- Born: José Antonio Rodríguez Vega 3 December 1957 Santander, Spain
- Died: 24 October 2002 (aged 44) Topas, Spain
- Cause of death: Stab wounds
- Other name: The Old Lady Killer
- Conviction: Murder (16 counts)
- Criminal penalty: 440 years imprisonment

Details
- Victims: 16 known and confirmed
- Span of crimes: 1987–1988
- Country: Spain
- State: Cantabria
- Date apprehended: 19 May 1988

= José Antonio Rodríguez Vega =

Spanish serial killer

José Antonio Rodríguez Vega (3 December 1957 – 24 October 2002), nicknamed El Mataviejas (The Old Lady Killer), was a Spanish serial killer who raped and killed at least 16 elderly women, ranging in age from 61 to 93 years old, in and around Santander, Cantabria, between August 1987 and April 1988.

==Biography==
Rodríguez Vega was born in Santander, Cantabria, Spain. Rodríguez Vega hated his mother because she had thrown him out of the house when Rodríguez Vega beat his father, who was terminally ill. His behaviour while in prison, and his ability to charm his victims into forgiving him led to a reduction in his sentence to 8 years. Released in 1986, Rodríguez Vega's wife left him. He did not take the breakup well, but eventually remarried, this time to a mentally disabled woman, who he tortured and humiliated, all while keeping up the pretence of having an excellent marriage. He was considered to be a good person, a hardworking man and a good husband to those around him.

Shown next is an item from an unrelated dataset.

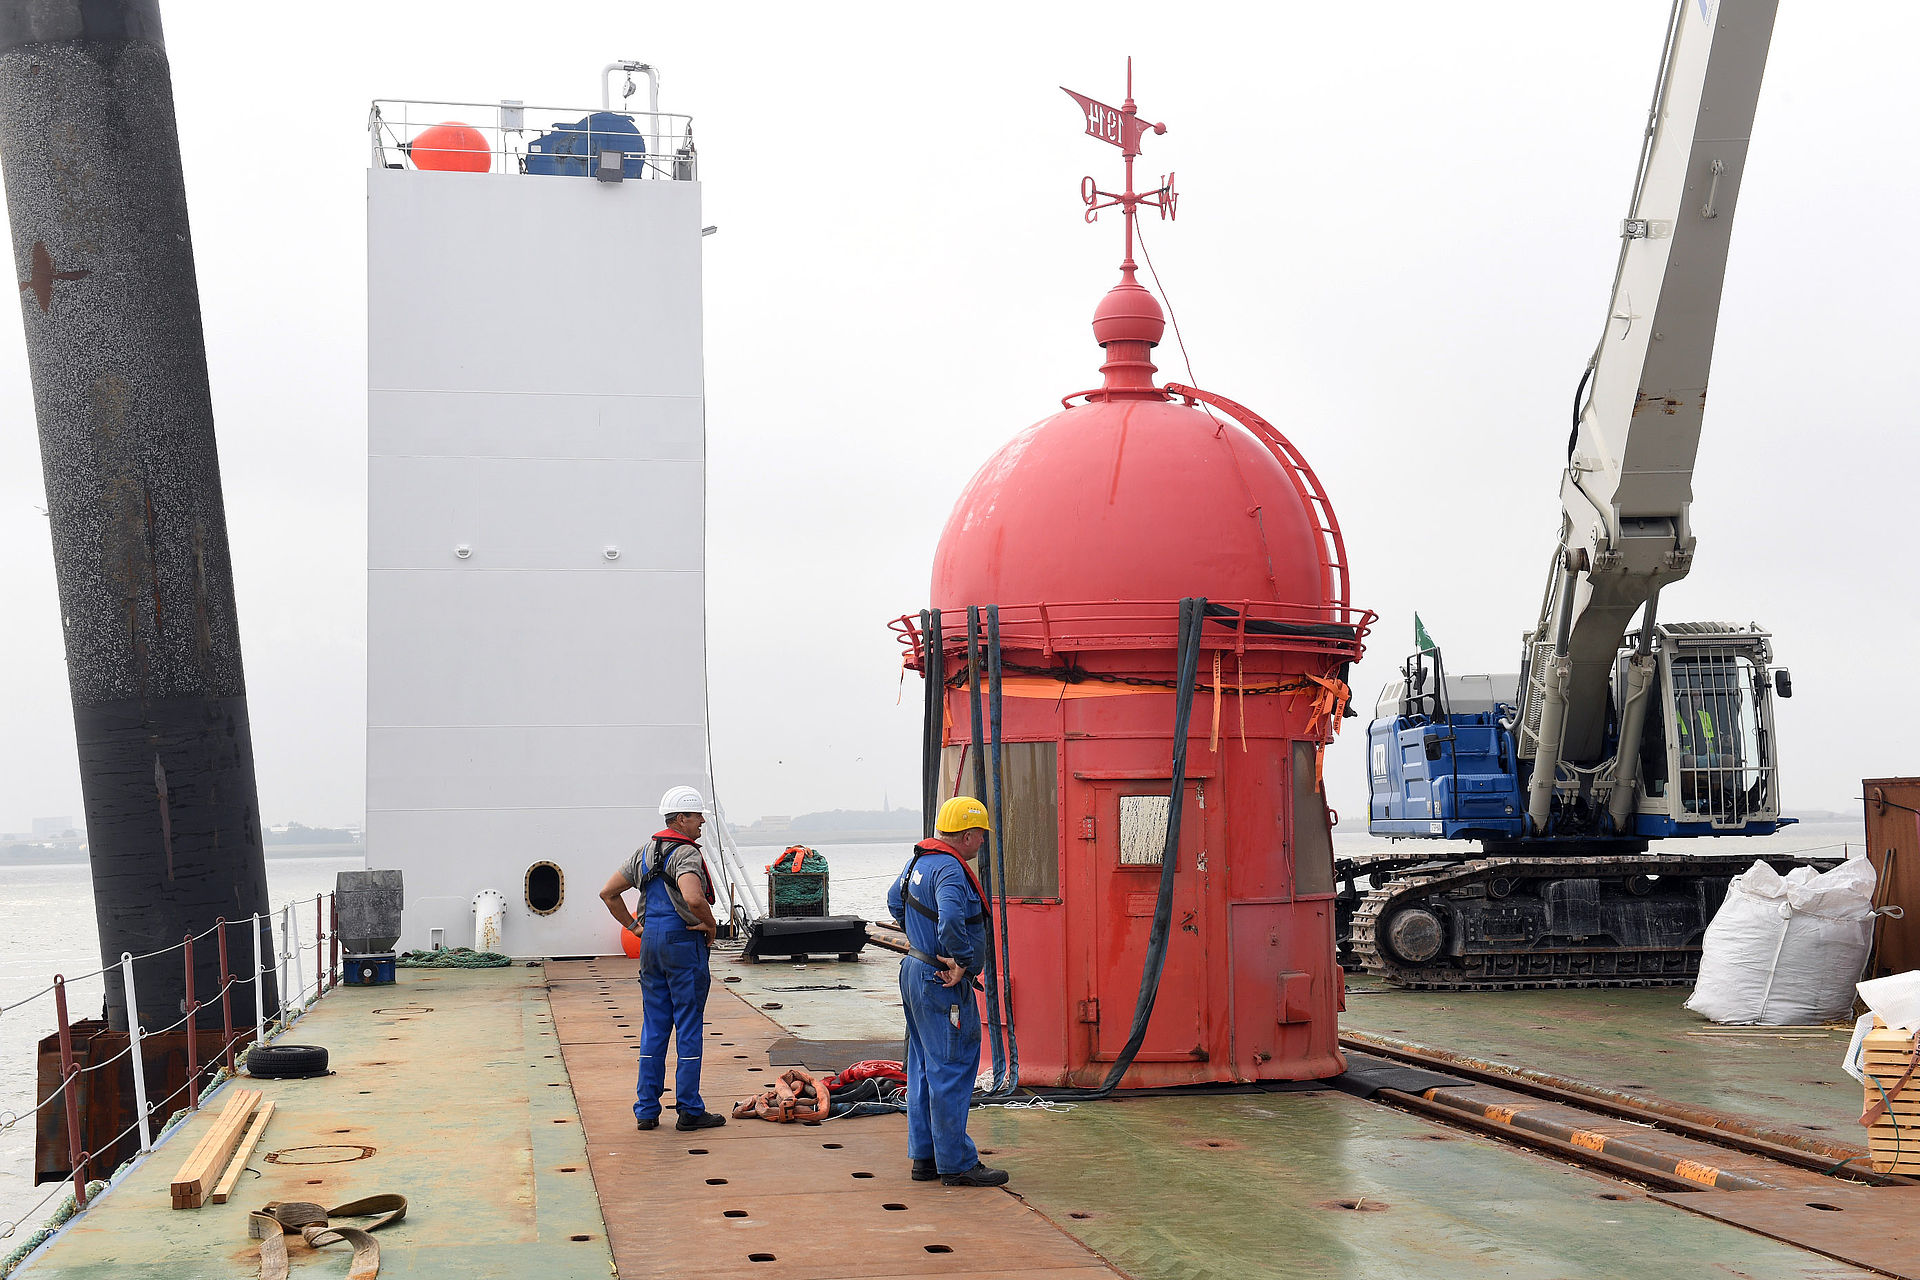 Die rote Kuppel des Molenturms auf Deck eines Schiffes. Davor Arbeiter mit gelben Helmen

On 19 May 1988, Rodríguez Vega was arrested. After that, he confessed to the murders.

==Trial and sentence==
His trial began in November 1991 in Santander. He was convicted for murdering 16 women and eventually sentenced 440 years in prison.

Rodríguez Vega was diagnosed as a psychopath who was a fastidiously neat individual. His killing was well organized in that he would first identify a victim, and then observe her until he was familiar with every aspect of her routine. He would then make contact with the victim, try to gain her trust, using his charm and looks, until he gained access to her home, often under the guise of doing work to or around her home. He was described as a cold-hearted and calculating serial killer who took mementoes from each of his kills. When he was arrested, police found a red room where he displayed his mementoes, which ranged from a television to a bouquet of plastic flowers. Because of the age of his victims, some of their deaths were attributed to natural causes. The extent of his killing spree was not realized until police released a videotape of his home, showing his mementoes. Families of the victims identified objects that linked Rodríguez Vega to their dead relatives.

==Death==
On 22 October 2002, Rodríguez Vega was transferred to a FIES jail module for dangerous inmates; there has been some controversy about the possible reasons for this, given that he had been a model prisoner during his sentence and he was just a few years away from being released.

His lack of remorse while discussing his crimes with fellow inmates Enrique del Valle (‘El Zanahorio’) and Daniel Rodríguez Obelleiro, as well as Rodríguez Vega's reputation as a rapist and a jail snitch, sealed his fate within the first 24 hours of his stay in the FIES module.

On 24 October 2002, Rodríguez Vega was walking in the prison common grounds when del Valle and Obelleiro attacked and brutally stabbed him 113 times as prison guards watched without intervening. Rodríguez Vega was buried the next day in a poor coffin. The burial was attended by only two gravediggers.